Page MenuHomePhabricator

QUnit tests for jquery.makeCollapsible and jquery.color failing intermittently on Jenkins
Closed, ResolvedPublic

Description

QUnit tests for jquery.makeCollapsible are often failing on Jenkins. I've seen this at least three times in the last week or so, most recently on https://gerrit.wikimedia.org/r/#/c/124051/ . Every time the failure was within the jquery.makeCollapsible tests (but I'm not entirely sure if on the same exact test).

This might be related to the fake timers being used in them.


Version: 1.23.0
Severity: major

Details

Reference
bz63579

Event Timeline

bzimport raised the priority of this task from to High.Nov 22 2014, 3:17 AM
bzimport set Reference to bz63579.

Warning: PhantomJS timed out, possibly due to a missing QUnit start() call.\x07 Use --force to continue

On https://gerrit.wikimedia.org/r/#/c/124366/ and some more of my changes from last days

Possible regression from gerrit 117153

Please have a look into this tests. Thanks.

  • Bug 63647 has been marked as a duplicate of this bug. ***

This has nothing to do with a time limit of any kind. The qunit tests run quicker than ever and have recently been sped up a lot further by getting rid of slow animations and http calls to the server etc.

This is failing because for some reason QUnit unexpectedly dies at which point PhantomJS never gets the 'end' event callback and thus times out. It does not time out because the tests are too long or anything.

mediawiki-core-qunit is now sometime stuck. I killed a few jobs earlier today that ran for multiple hours.

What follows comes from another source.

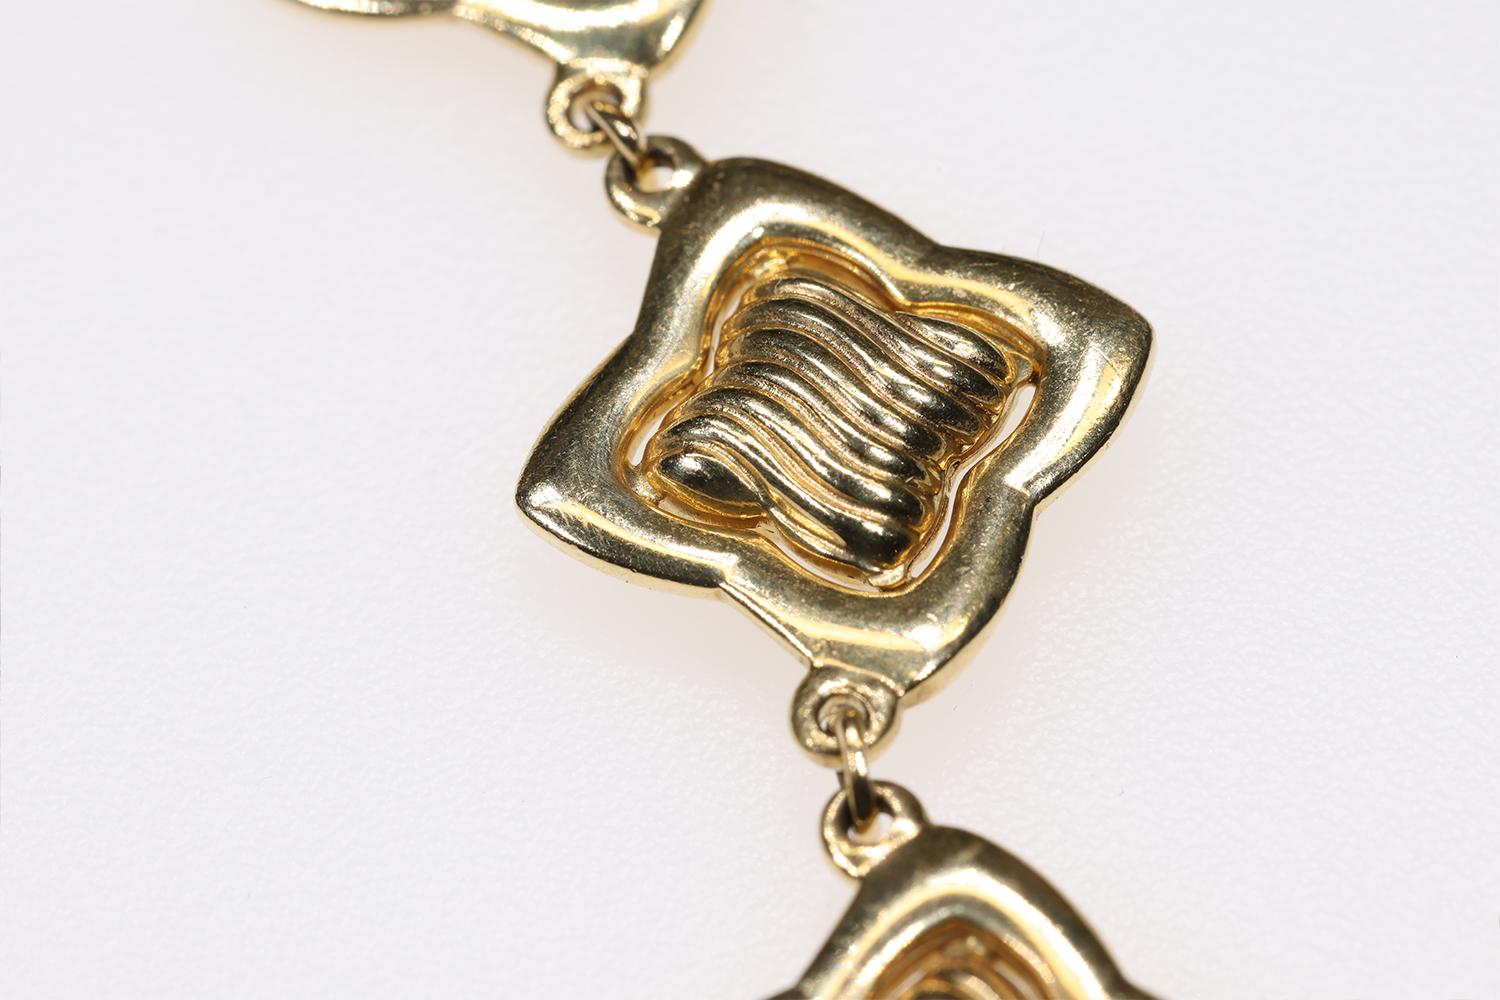 Rare David Yurman Quatrefoil 18K Solid Yellow Gold Necklace Limited Series Piece For Sale 2

Just killed https://integration.wikimedia.org/ci/job/mediawiki-core-qunit/19068/console which was running for 10 minutes.

Might want to add adjust the timeout of jobs to something more reasonable than the current 360 minutes.

The internal time out is 30 seconds.

It hanging for more than 30 seconds is new, that didn't happen until today.

Both that 30s timeout and the 360min timeout should not be triggered because the tests aren't actually taking more than < 10-20 seconds to run. Something is causing it to get stuck or in some kind of loop...

This was resolved after the following upgrades were made:

The latter is what made the false failures go away, so presumably the changes in those QUnit releases fixed it (possibly the changes in v1.12.0 and v1.14.0 that cache setTimeout and clearTimeout to protect against mocks).

It's recurred. See https://integration.wikimedia.org/ci/job/mwext-GuidedTour-qunit/220/console . It's from about 6 hours ago.

It's causing spurious failures in GuidedTour (likely other extensions too). E.g.:

19:08:11 >> Message: after expanding: contentItem is visible
19:08:11 >> Actual: false
19:08:11 >> Expected: true

Someone really needs to take a look at this. It is causing major friction in the continuous integration pipeline due to spurious failures.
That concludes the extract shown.